Check with your health insurance company to see what services are covered and with your state representative to see what legislation is under consideration if your insurance does not cover autism-related services. (Read on for state-by-state insurance laws, plus more on health insurance coverage issues at Autism Bulletin.)
Caring for the Caregivers
Learning about autism spectrum disorders will influence how every member of your family looks at people with autism in particular and the issue of disabilities in general. The experience of managing all that’s needed to help a child with disabilities—and your own emotions—also can be a blueprint for burnout.

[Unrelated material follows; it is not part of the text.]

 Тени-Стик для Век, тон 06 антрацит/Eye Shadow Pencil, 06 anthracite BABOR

Waiting for services, watching for signs of progress, learning a different way of parenting so you can manage your autistic child’s behaviors and respond to his needs … together, it’s more than a full-time job. And if you have more than one child, the new dynamic you introduce invites a new level of sibling rivalry, as your “typically developing” child seeks attention and responds to the different parenting techniques she sees her brother receiving.
Take breaks. You need to recognize the demands this places on everyone in the family and look for opportunities to give autism breaks to each person. This could mean nights off for you or your partner (preferably together if you can find a babysitter). Given all the necessary energy you’re spending to help your autistic child grow and develop, it’s a good idea to make outings with typically developing children, so you can show them they are special, too.

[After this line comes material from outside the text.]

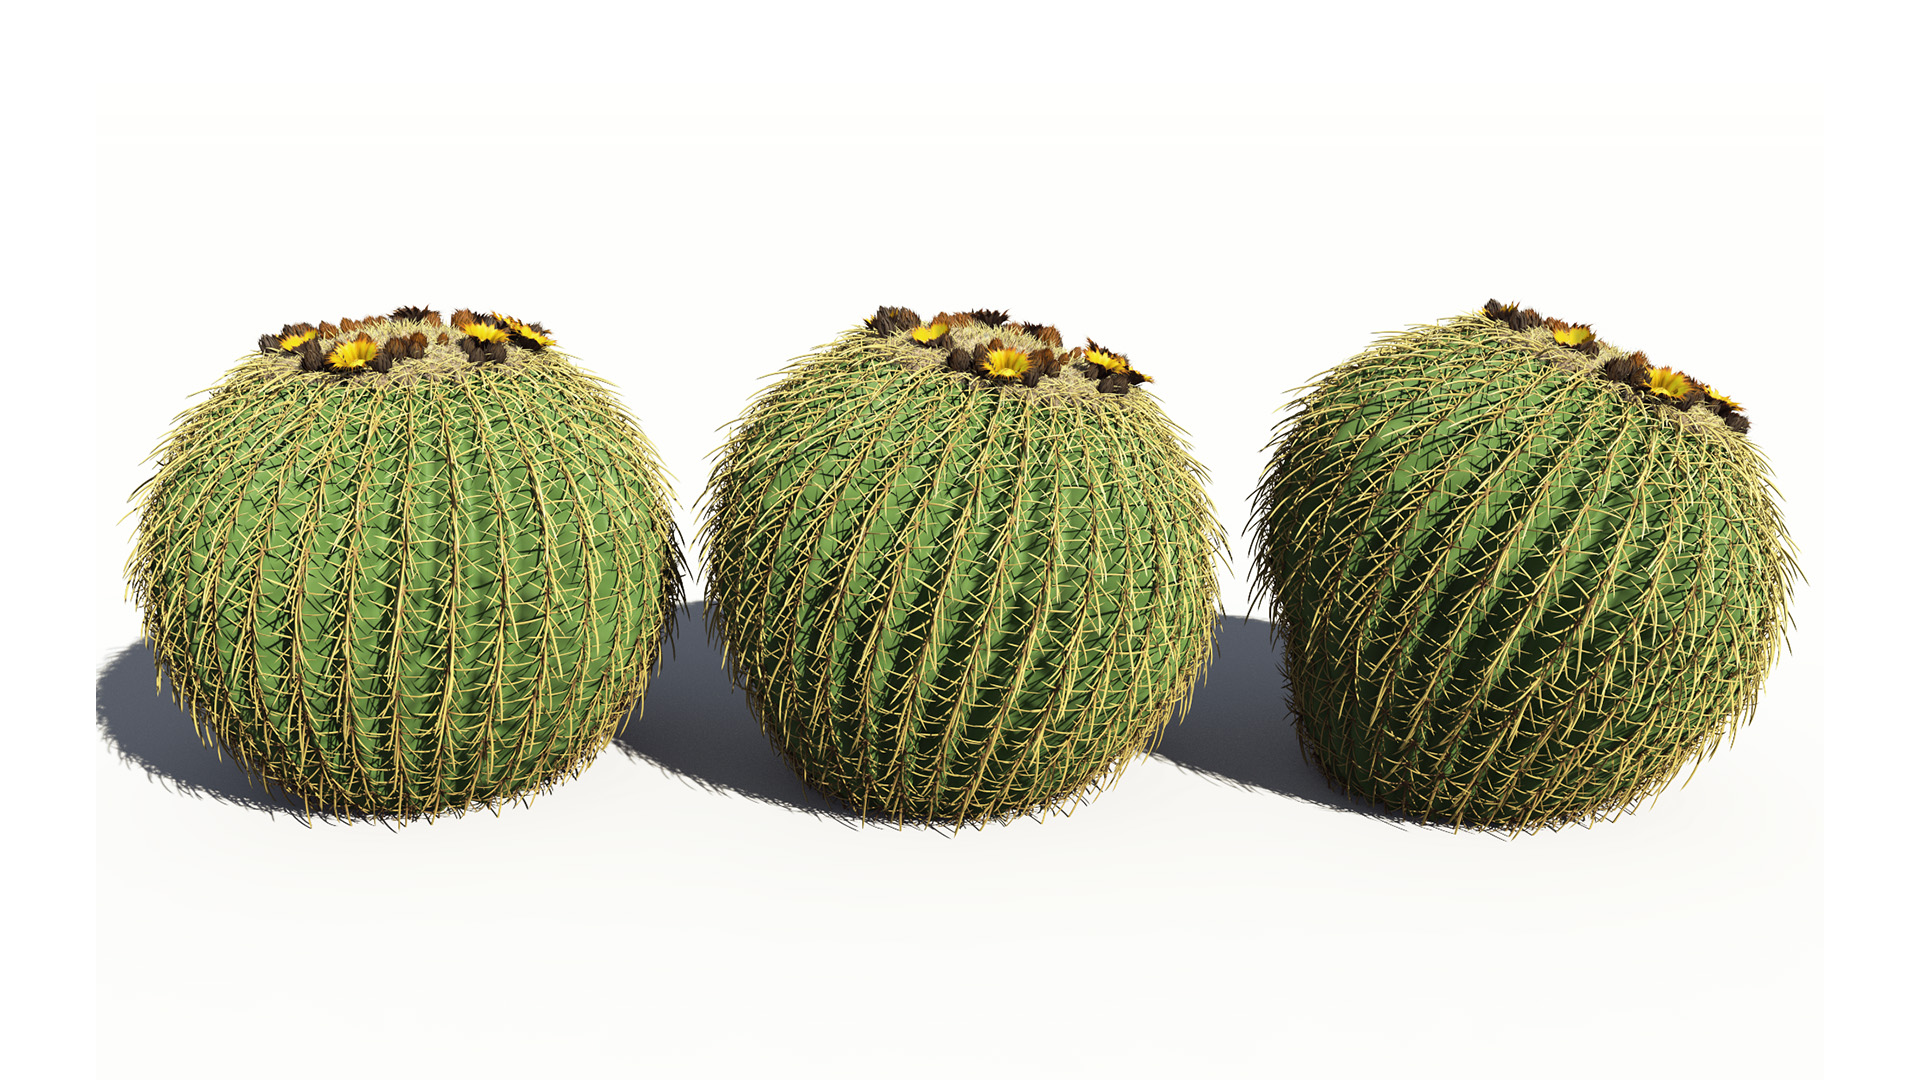 3D model of the Golden barrel cactus Echinocactus grusonii

Stay connected. Look for the chance to talk to other parents going through the experience of raising kids with autism. You can find them in the waiting rooms at therapy sessions, at school drop-offs, and in many online forums, parent blogs, and websites.
Family members also may find support groups helpful. It could be a group for parents, or just for moms, dads, or siblings. This is a way for family members to spend time with others who understand what it’s like to have a loved one with a disability like autism.
Caring for the caregivers also can be less formal. Look for opportunities for casual celebrations, dinner-time toasts, family hugs, spontaneous cheerleading, and upbeat reminders of how proud you are of your child and his siblings for their hard work. Later, make sure to give yourself a moment to think about what life was like three months, six months, or one year ago. When you feel things are better, that perspective is priceless.